Bangkok Travel Recommendations — Things to Do, Eat and Avoid
A community-sourced guide to Bangkok — the temples, the markets, the Thai cooking class everyone recommends, and the streets the old-Asia-hand crowd actually love.
📍 Bangkok, ThailandBangkok rewards repeat visits the way few cities do. The first time, you do the Grand Palace, you ride a tuk-tuk, you eat pad thai on Khao San Road and you leave thinking the city is loud and hot and a bit much. The second time, you skip the touristy bits, take the river ferry to Wat Pho, eat boat noodles at Victory Monument, get a Thai massage that nearly kills you for $5, and start to fall for the place. The third time, you have a favourite coffee shop in Ari, you can navigate the BTS without thinking, and you tell people Bangkok is one of the great cities of the world. They are right.
What follows is a community-sourced practical guide — not a guidebook list, but the recommendations that come up over and over again from travellers who have been before, written by other travellers, organised by what people actually want to know.

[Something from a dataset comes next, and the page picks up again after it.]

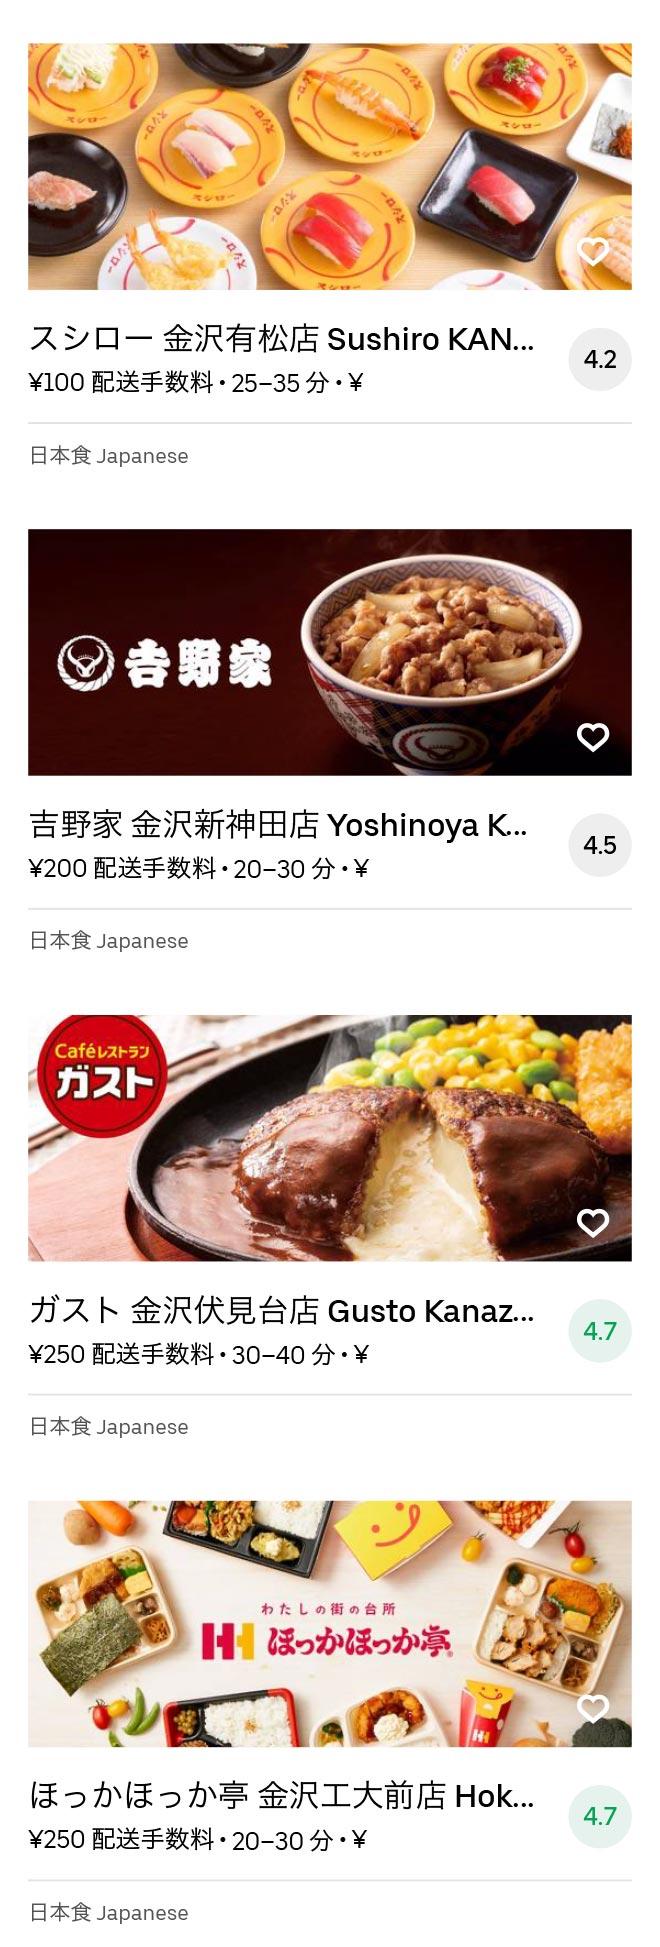 Nishi kanazawa menu 2009 03

The temples — and how to do them in a sensible order
There are over 400 Buddhist temples in Bangkok and you do not need to see them all. Three earn their headliner status, and three more are worth a half-day each.
- **Wat Pho.** The reclining Buddha — 46 metres long, gold leaf, mother-of-pearl on the soles of the feet. Open early, go early. The same compound also runs Bangkok's most famous traditional Thai massage school. Ninety minutes of tek-bopilation for around 500 baht. Worth every coin. - **The Grand Palace and Wat Phra Kaew.** The Emerald Buddha and the seat of the monarchy. Strict dress code (covered shoulders and knees, no flip-flops). Crowded — go at 8.30 a.m. when it opens. Allow two hours. - **Wat Arun.** The Temple of Dawn, on the Thonburi side of the river. Sunset is the cliché photograph; sunrise is the better experience. You can climb the central spire for a sweeping view of the river bend.
For a less touristed afternoon: **Wat Saket** (the Golden Mount, climbable, panoramic), **Wat Suthat** (the giant red swing in the square outside), and **Wat Mahathat** (active meditation centre — drop in to a free Vipassana session).
A note on the scams: if anyone outside the Grand Palace tells you the palace is closed for a Buddhist holiday and that they know a "better" temple, they are lying. Walk away. The palace is open. The "better" temple ends with a gem-store sales pitch.
Eating in Bangkok
The single best thing you can do in Bangkok is eat where Thai people eat. The food at a street stall outside a market is usually better, fresher and a quarter of the price of the same dish in a hotel restaurant. A few rules:
- **Look for the queue of office workers at lunchtime.** That stall is good. - **Look for clean plastic stools, busy turnover, and food cooked to order in front of you.** Avoid food sitting in metal trays under heat lamps. - **Boat noodles** at Victory Monument or Pratu Phi are the cheapest serious meal in Bangkok — small bowls, $1 each, designed to let you eat four flavours in one sitting. - **Pad krapao moo (basil pork over rice with a fried egg)** is the Thai national lunch. You can order it almost anywhere and it will be good. - **Pad thai** is real but it is not what most Thai people eat. Save it for one specific stall: Thip Samai near Phra Athit pier, the most famous pad thai in Thailand, worth one queue.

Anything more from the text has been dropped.